The Dobber looks at news, views and oddities around the game from around the world.
In the Herald, Jeremy Wells visited the Basin Reserve for the second ANZ Test and found the experience warmed the cockles of his heart:
Underneath me the moist, dull itch of rye grass. In front, the soothing test palette of white on green. Around me the warm, knowing embrace of fellow test-cricket lovers. This is a place where vinegar-scented hours are encouraged to dawdle by. Where the stuffy can nestle in for the day, safe in the knowledge that nobody will judge them for being boring. Yes, test cricket at the Basin Reserve.
Speaking of Mr Wells, you can see his piece on New Zealand Cricket on Prime, 9.35pm Monday 25 March - set the MySky!
Nick Knight talks to Brendon McCullum about the technique that's made him #1 in the world in T20.
One of the stars of the show at the Hawkins Basin Reserve was the duck - he was photographed extensively and apparently 'curates' his own @ducknewzealand Twitter account.
Top BLACKCAPS supporter outfit the Beige Brigade have welcomed the Barmy Army by beating the pants off them in 'The Rashes', a series of friendly cricket matches. Match two took place at Wellington Collegians Cricket Club. Check out the superb photo gallery and match report via Henry Wisson. Round three took place last night (Thursday 21 March) at the Auckland Domain, we look forward to hearing how it went.
Speaking of the Barmy Army, not only have they been making friends everywhere while on tour - they've also raised £5000 for the Christchurch Earthquake Appeal. Super work! From their site:
The Barmy Army funds will specifically be used for the Garrick Park Repairs and allow this football ground in the winter and cricket ground in the summer to once again be used by the Lancaster Park Woolston Cricket Club and the Cashmere Technical Football Club year round. Garrick Park requires $200,000 towards field repairs which will address drainage issues and the Barmy Army will be raising as much money as possible in New Zealand to assist the Appeal in reaching that total.

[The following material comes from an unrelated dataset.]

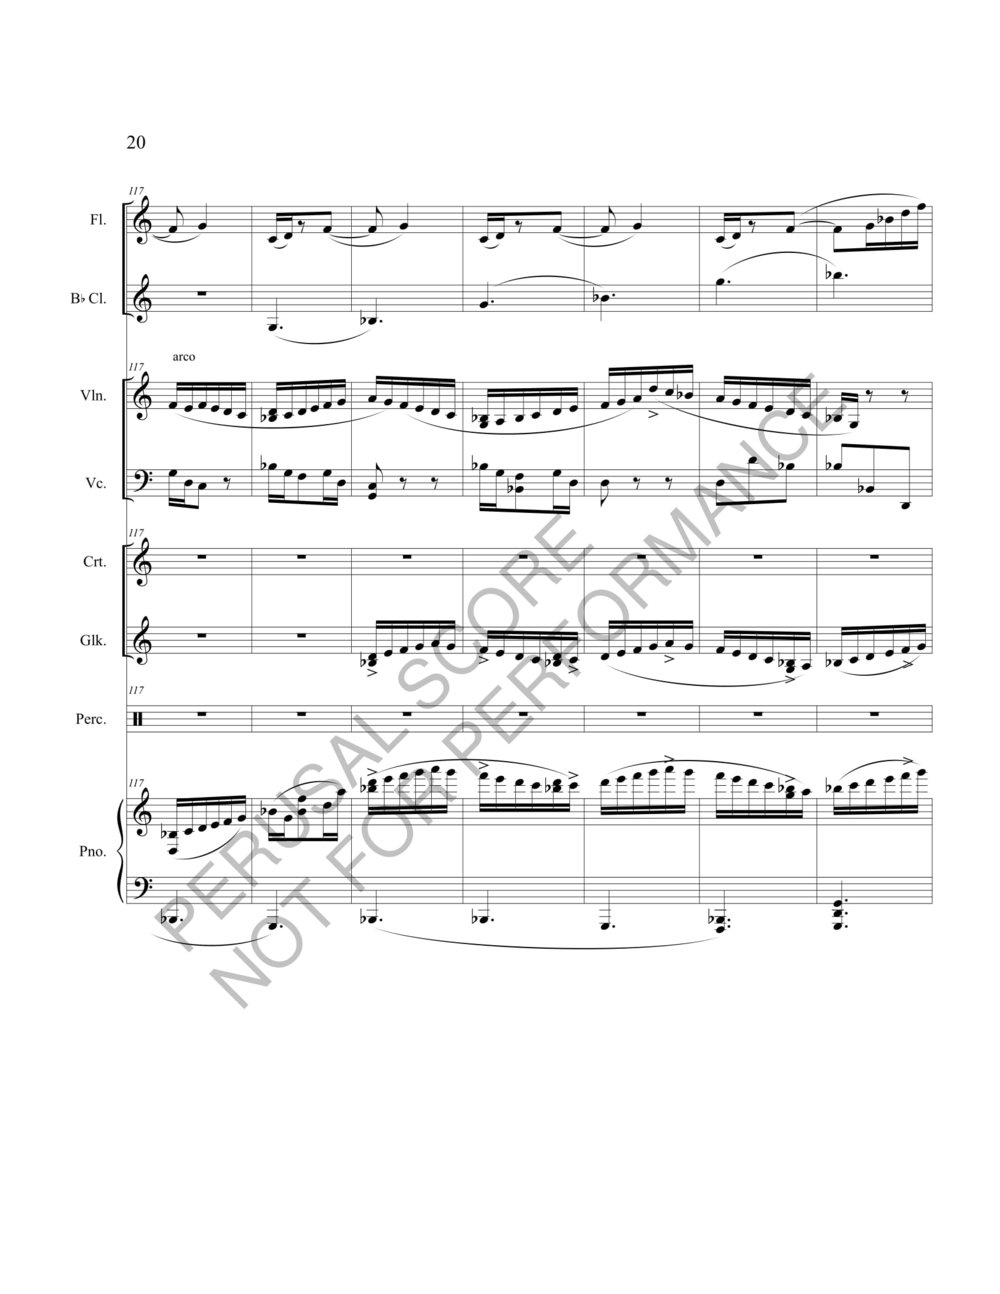 Boyd Terra Liberi Score-watermark-26.jpg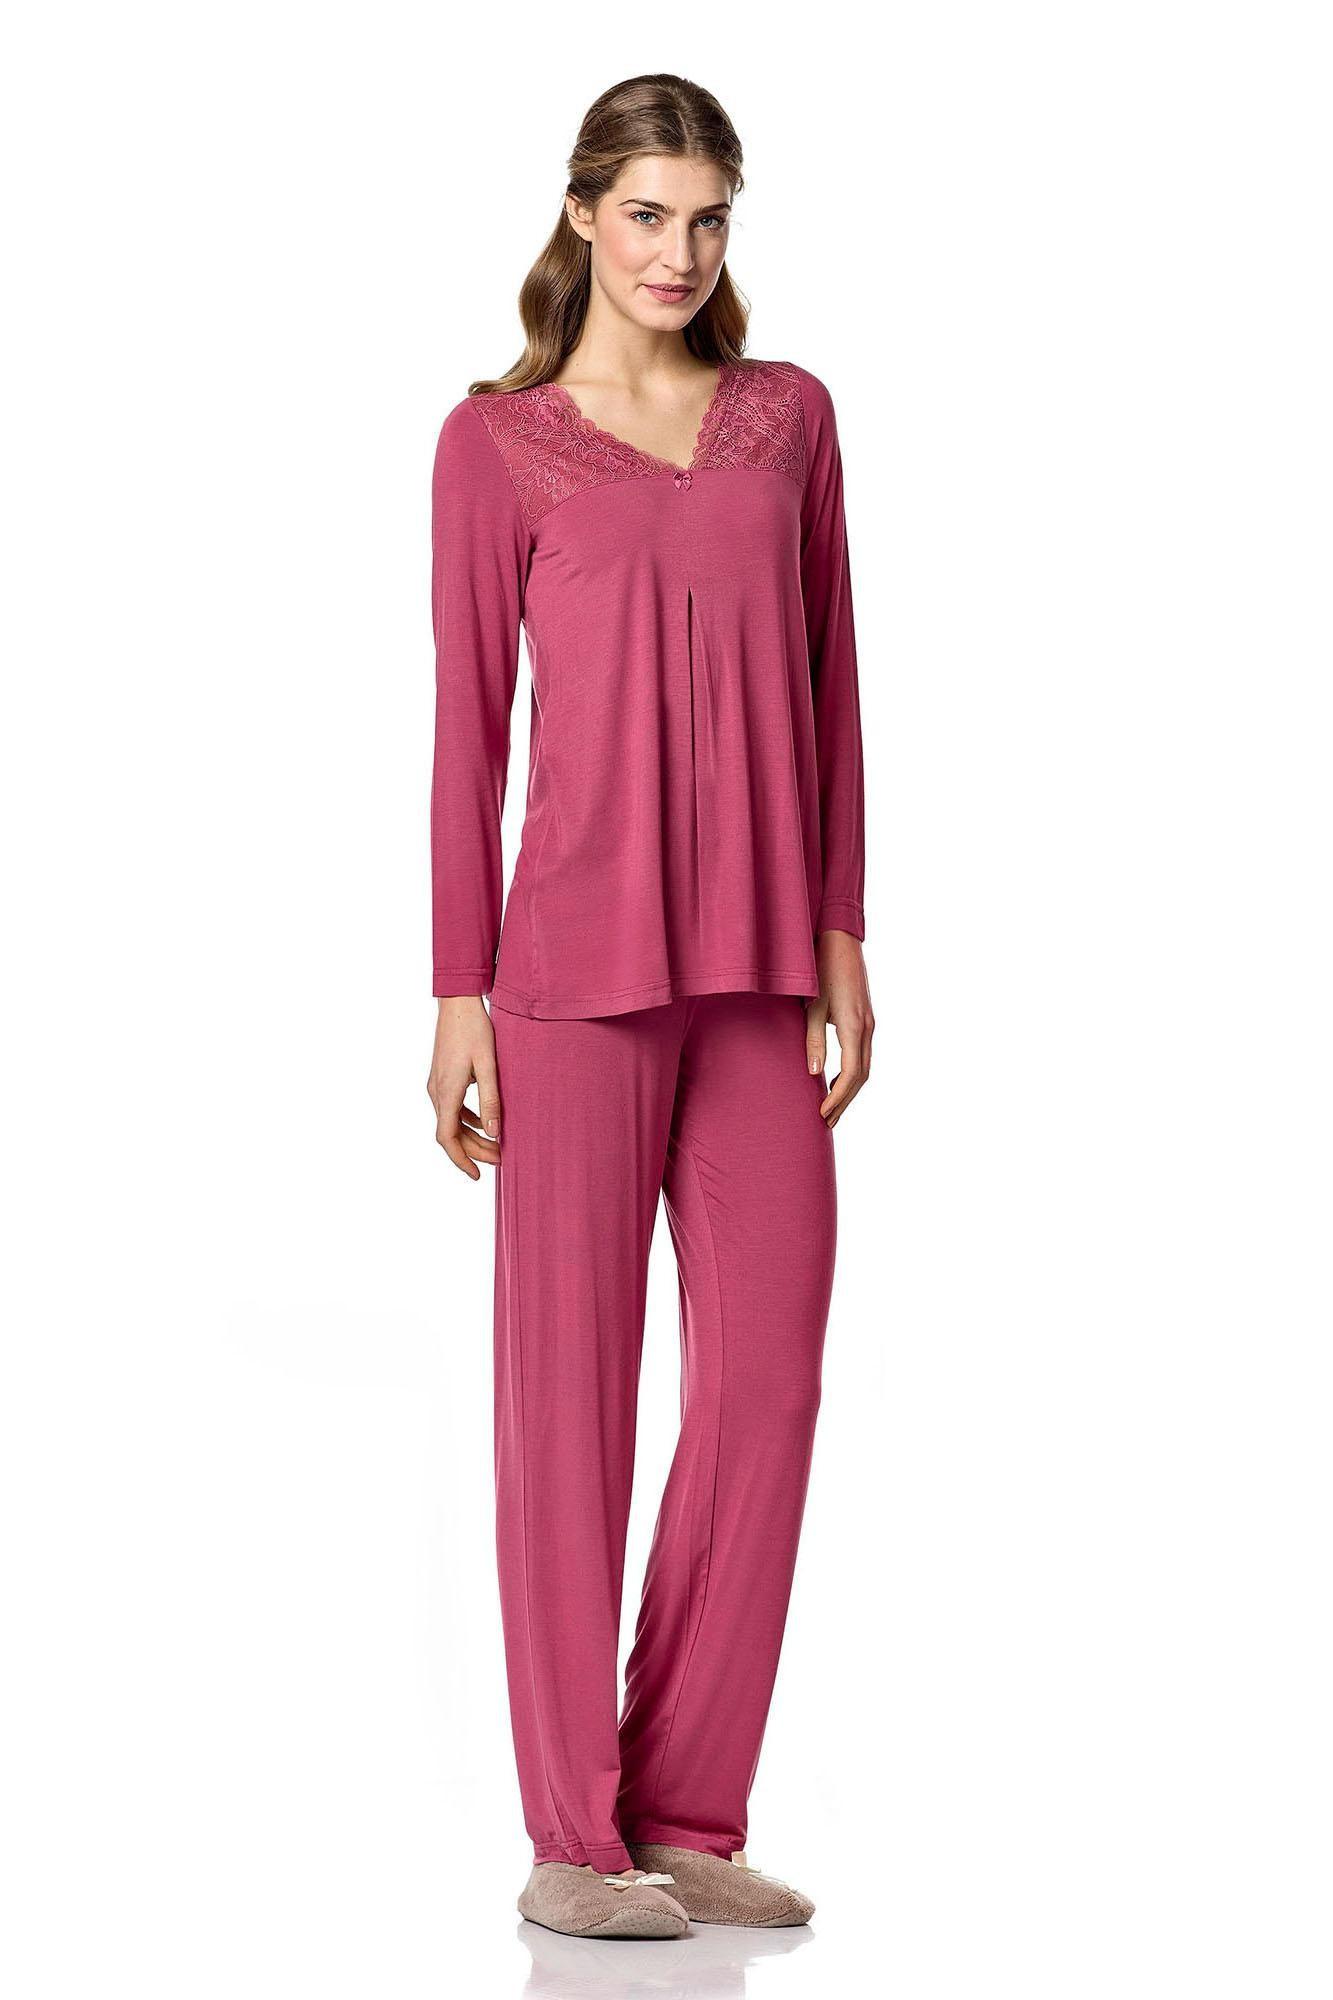 Dámské pyžamo 4786 - Vamp Barva: tm.růžová, Velikost: XL

The Guardian's Andy Bull looks at the new crop of cricket publications springing up online and asks if we are living in a golden age of cricket writing:
[Matt] Thacker says he agrees that it is "a good time for cricket and sports writing". Wilson goes further, and reckons it is "a golden age". He rightly says that "there are more good writers than ever before, writing on a wider range of subjects and in a wider variety of styles." The Blizzard, The Cordon, The Nightwatchman, they are all testament to the truth of that.
Cricinfo asks 'What is the most influential innovation in cricket?', with overarm bowling, reverse swing, the Doosra, switch hitting and the leg glance under the microscope. From Jarrod Kimber`s piece:
Of course underarm bowling was kind of rubbish. Okay to your three-year-old nephew, but not really a demanding athletic endeavour that would captivate millions of people, like Wes Hall in full flight did. So bowlers tried to change it. The story goes (you weren't there, you don't know it's not true) that John Willes started bowling roundarm when he saw his sister Christina do it because her dress wouldn't allow her to bowl underarm.